Use labels as tokens to classify a sequence of text.
For each label, a new token is added to the tokenizer and word embeddings. Each input sequence has each label prepended to the beginning. The output embeddings are put through a linear layer that creates a single logit. All label probas are put through a sigmoid (multi-label) or through softmax (single-label) to determine which label(s) applies(apply) to this example. See the image below for a visualization.
- It seems to get better results: wandb report.
- If there are many labels, the sequence length will get long, slowing the training down.
- If there are more labels than 512, then it won't work at all because the input will only be label tokens and no text.
- It requires custom code.
Currently, the label tokens are randomly initialized. It would be interesting to see if it would be beneficial to initially set them as:
- the same as the CLS token embedding
- the average of all token embeddings
- the average of the label's text meaning in token embeddings
To explain the last point, let's use the image above as a reference. For the label anger, the text anger would be passed to the tokenizer:
ids = tokenizer("anger", add_special_tokens=False).input_ids
# [4963]In this case, it results in one token, but it might be multiple depending on the label. The next step is to average the token embeddings.

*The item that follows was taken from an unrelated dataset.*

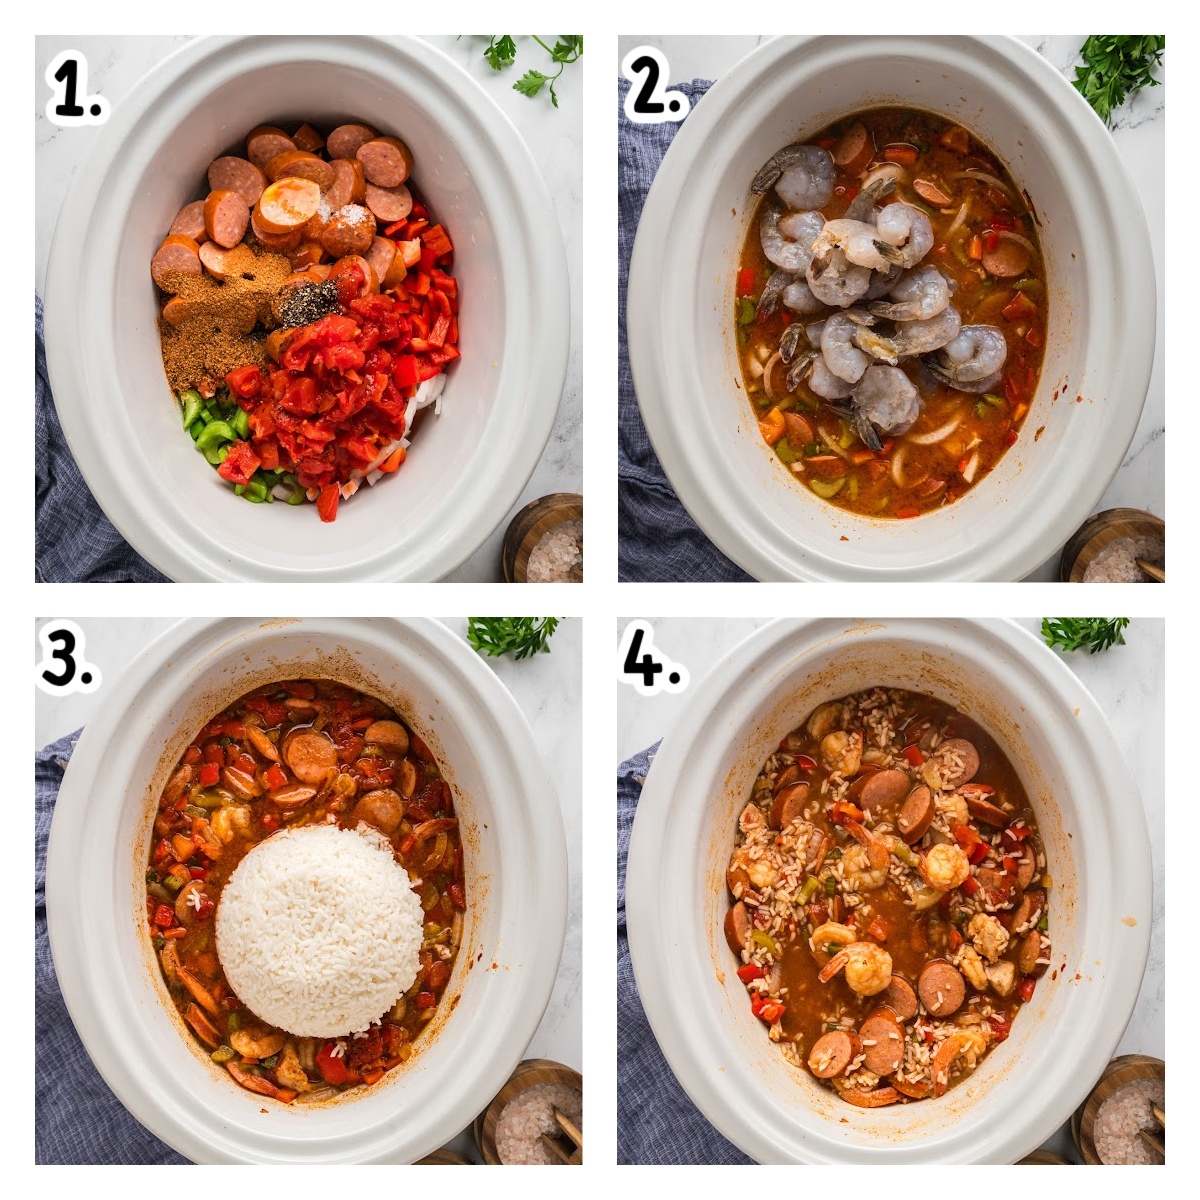 Four images showing how to make jambalaya in a slow cooker.

avg_value = model.embeddings.word_embeddings.weight.data[torch.tensor(ids)].mean(dim=0)This average value now becomes the new embedding value for the label token [anger]
label_token_id = tokenizer("[anger]", add_special_tokens=False).input_ids[0]
model.embeddings.word_embeddings.weight.data[label_token_id] = avg_valueThe thought is that the label's meaning might be a helpful starting place for turning it into a classification token.